[[ GIVEN MATERIAL open ]]

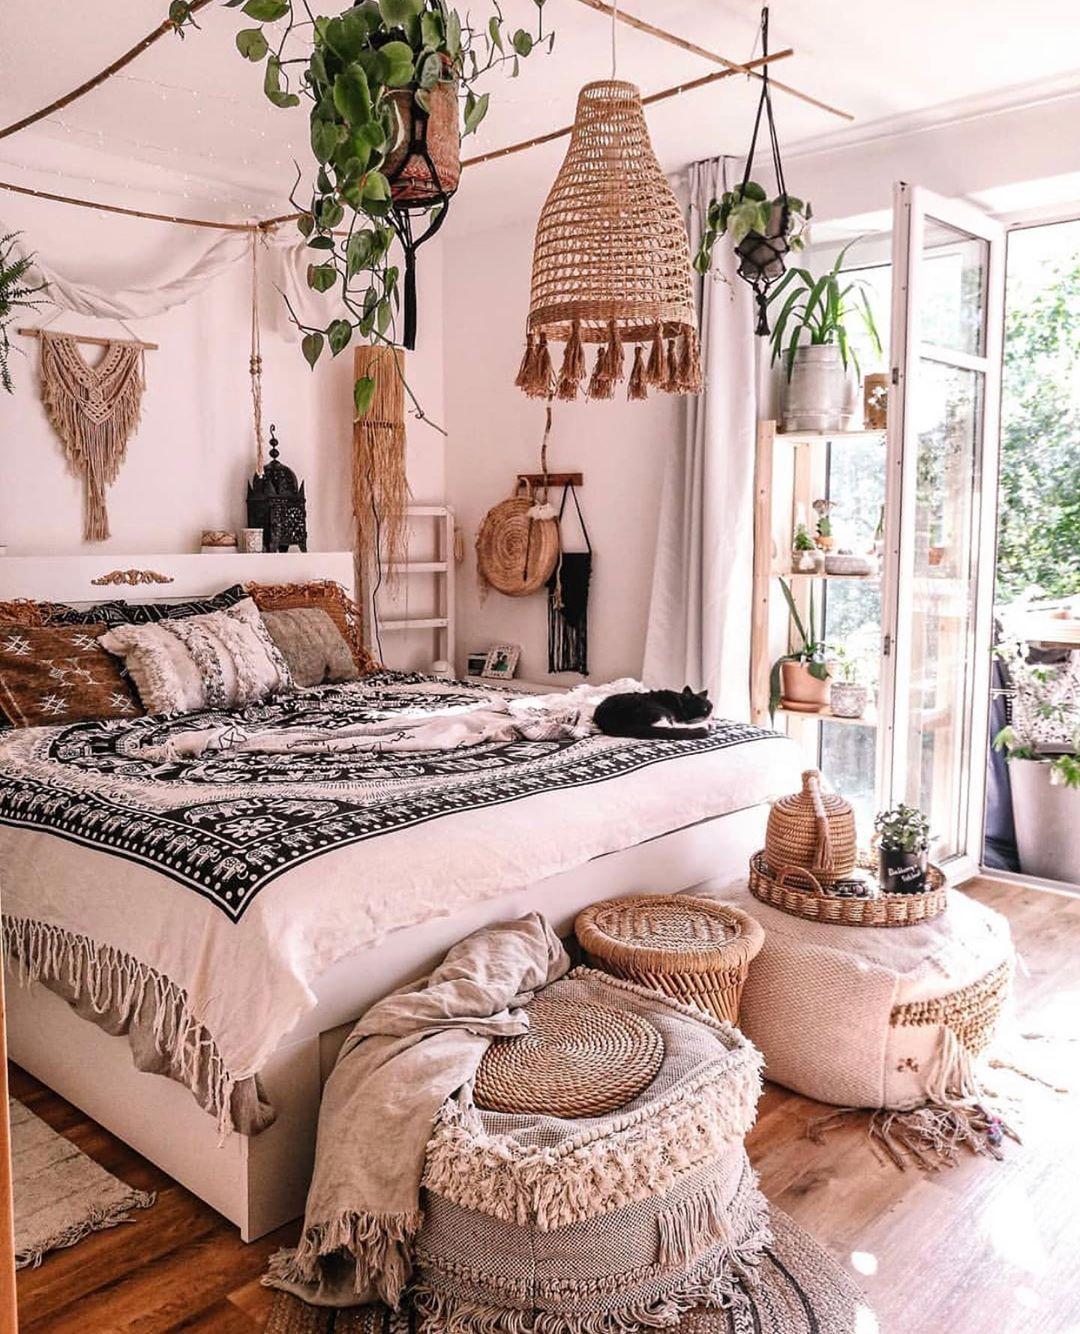 Loving This Boho Room By Kalk Katt What Do You Think
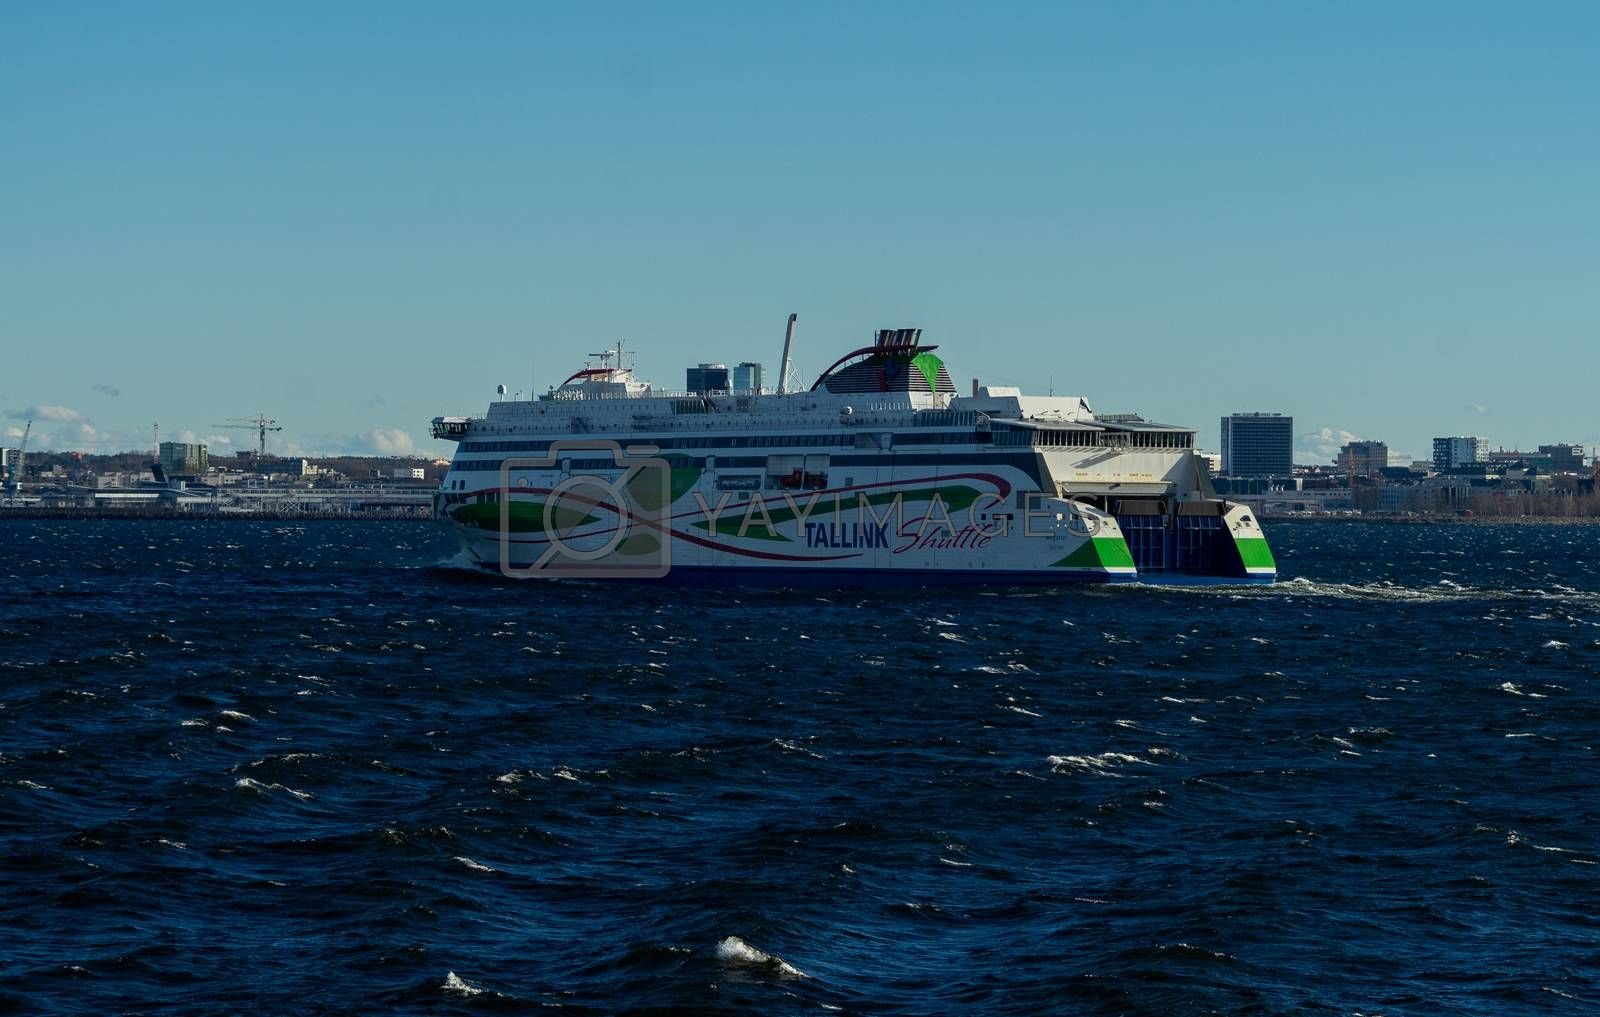 21 April 2019, Tallinn, Estonia. High-speed passenger and car ferry of the Estonian shipping concern Tallink Megastar in the port of Tallinn.
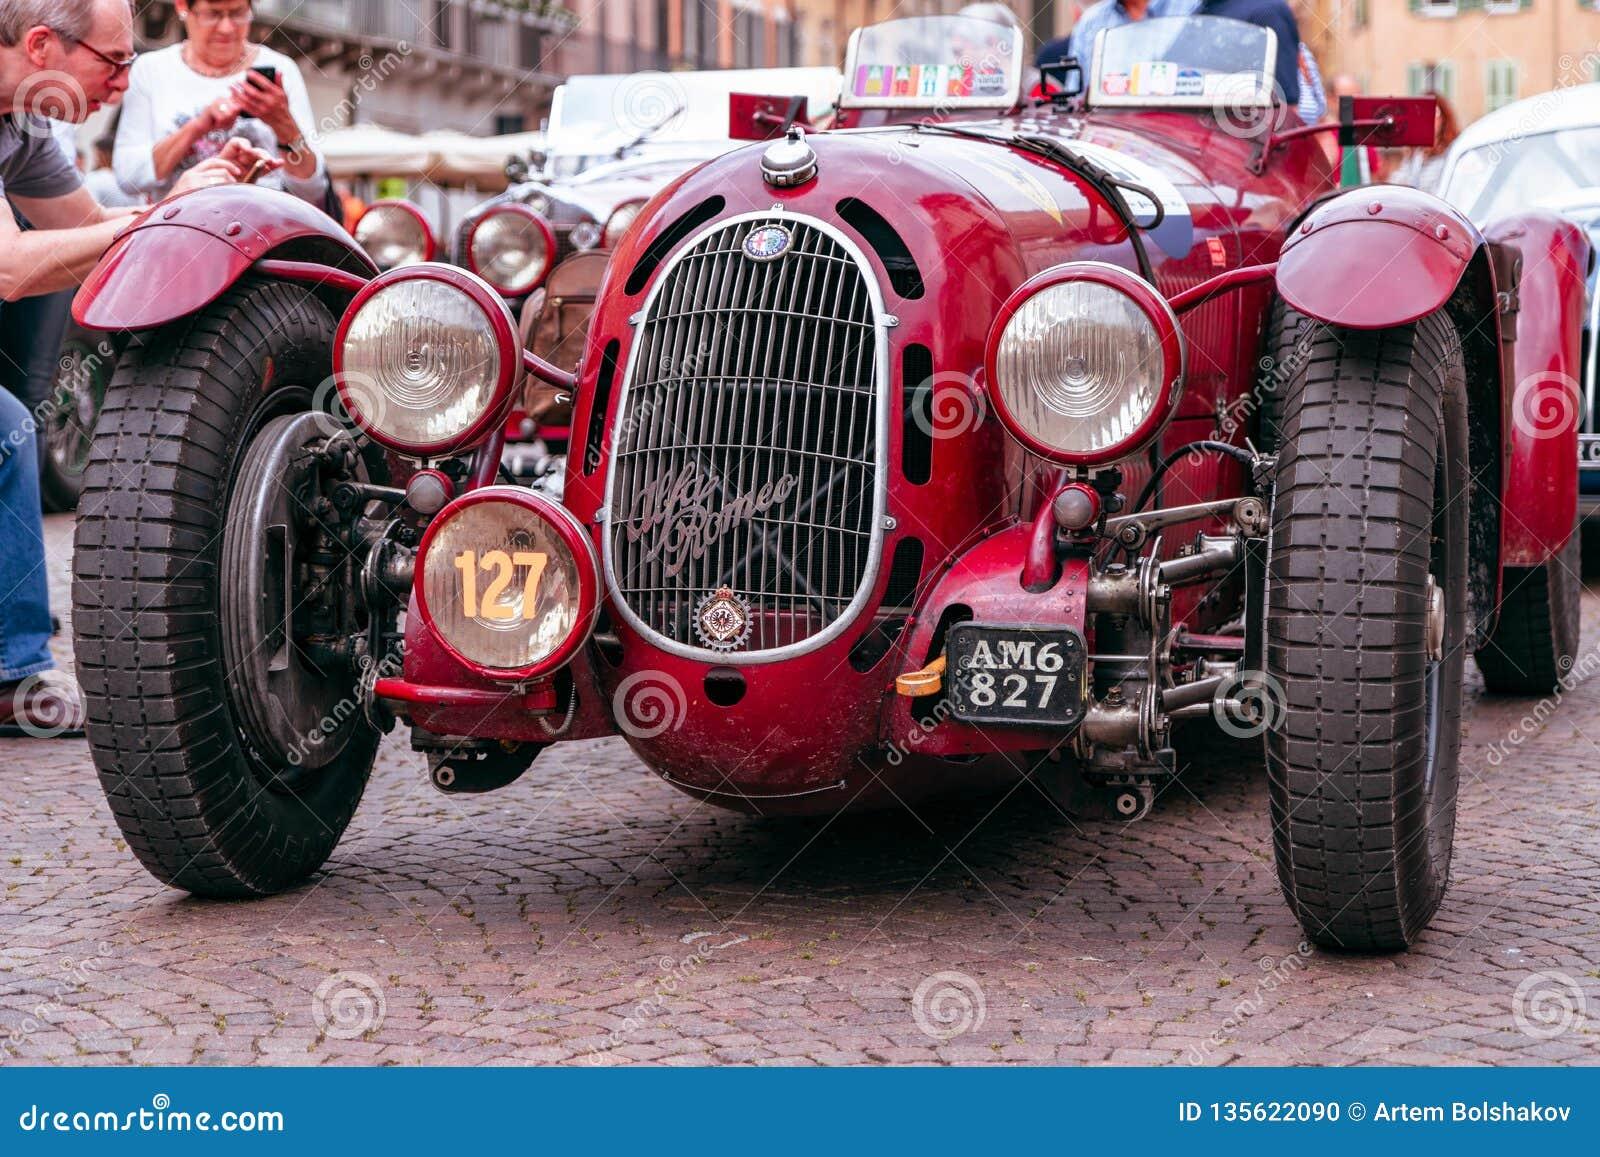 Miglia 1000 2017, Брешия - Италия 17-ое мая 2017: Исторические автогонки Mille Miglia Альфа Romeo 8c 2900 Botticella, год 1936
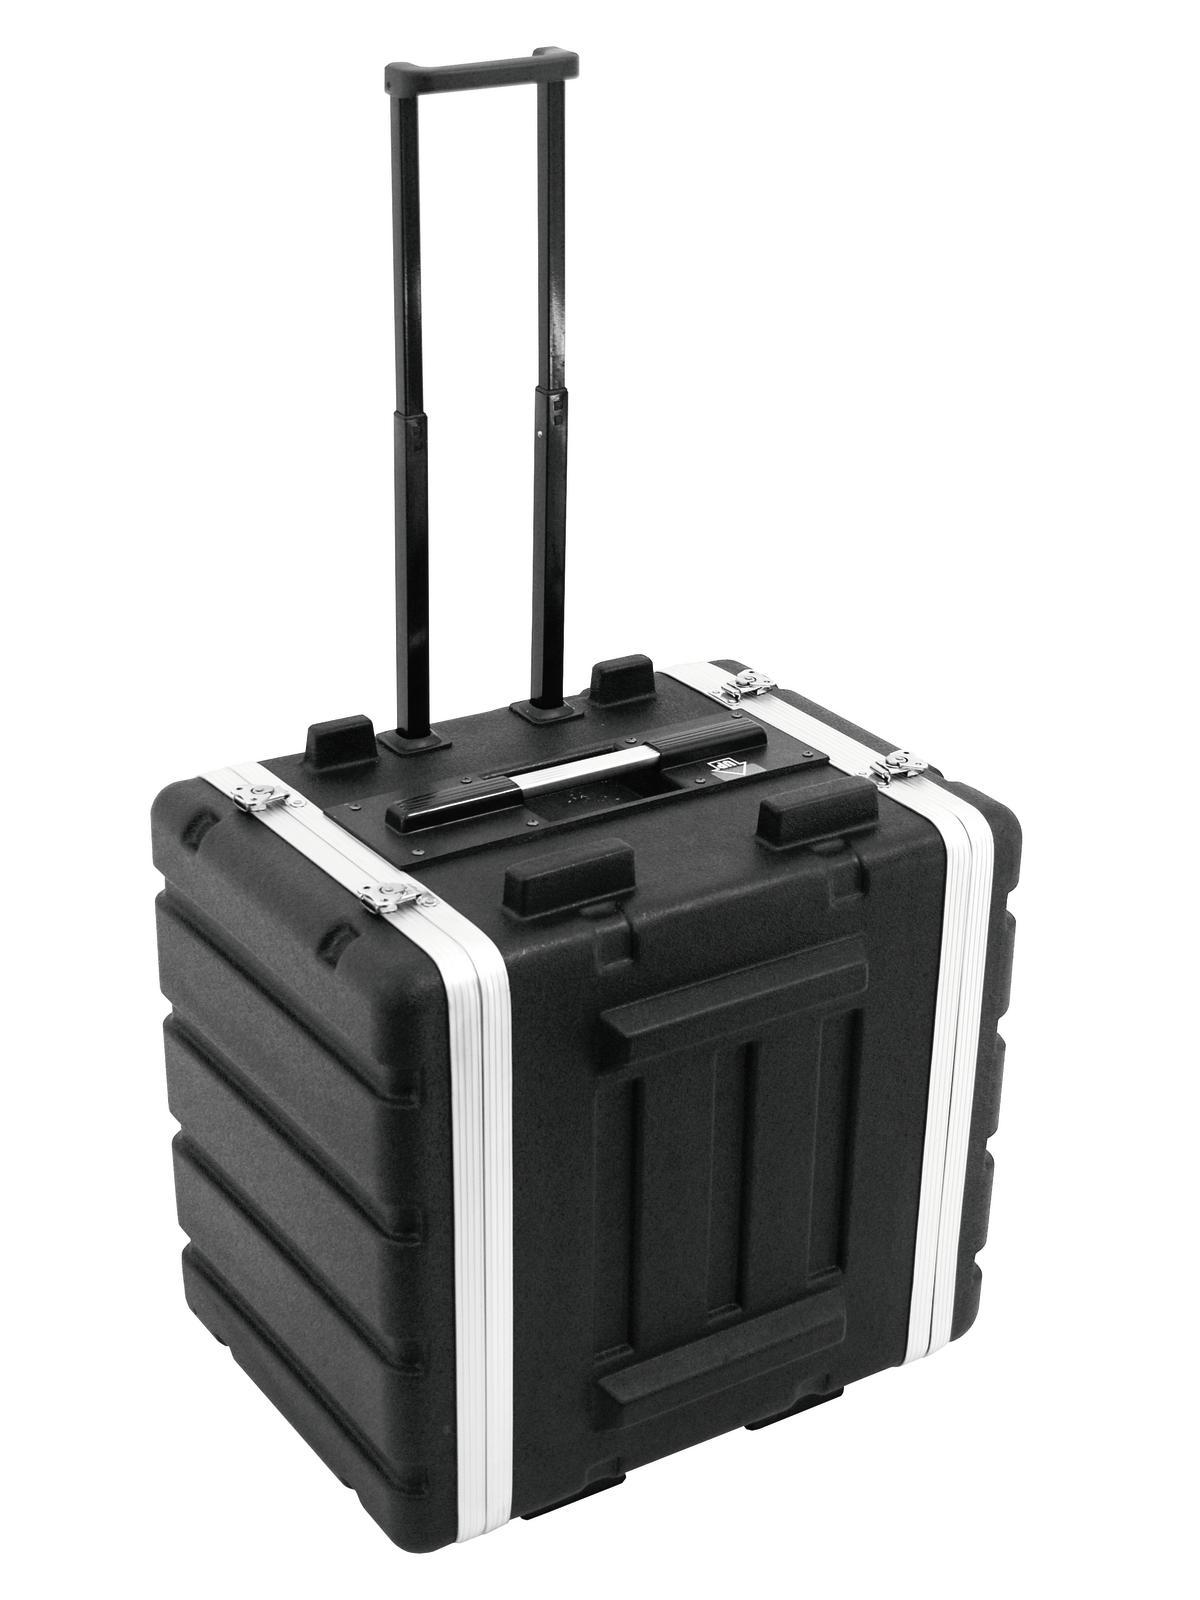 ROADINGER Plastica rack 19, 7U, DD/trolley, nero

[[ GIVEN MATERIAL closed ]]

WORK TO BE COMPLETED
Full copy, no pictures: write out each line of the data exactly as it stands.

EXERCISE RESPONSE
 Loving This Boho Room By Kalk Katt What Do You Think
 21 April 2019, Tallinn, Estonia. High-speed passenger and car ferry of the Estonian shipping concern Tallink Megastar in the port of Tallinn.
 Miglia 1000 2017, Брешия - Италия 17-ое мая 2017: Исторические автогонки Mille Miglia Альфа Romeo 8c 2900 Botticella, год 1936
 ROADINGER Plastica rack 19, 7U, DD/trolley, nero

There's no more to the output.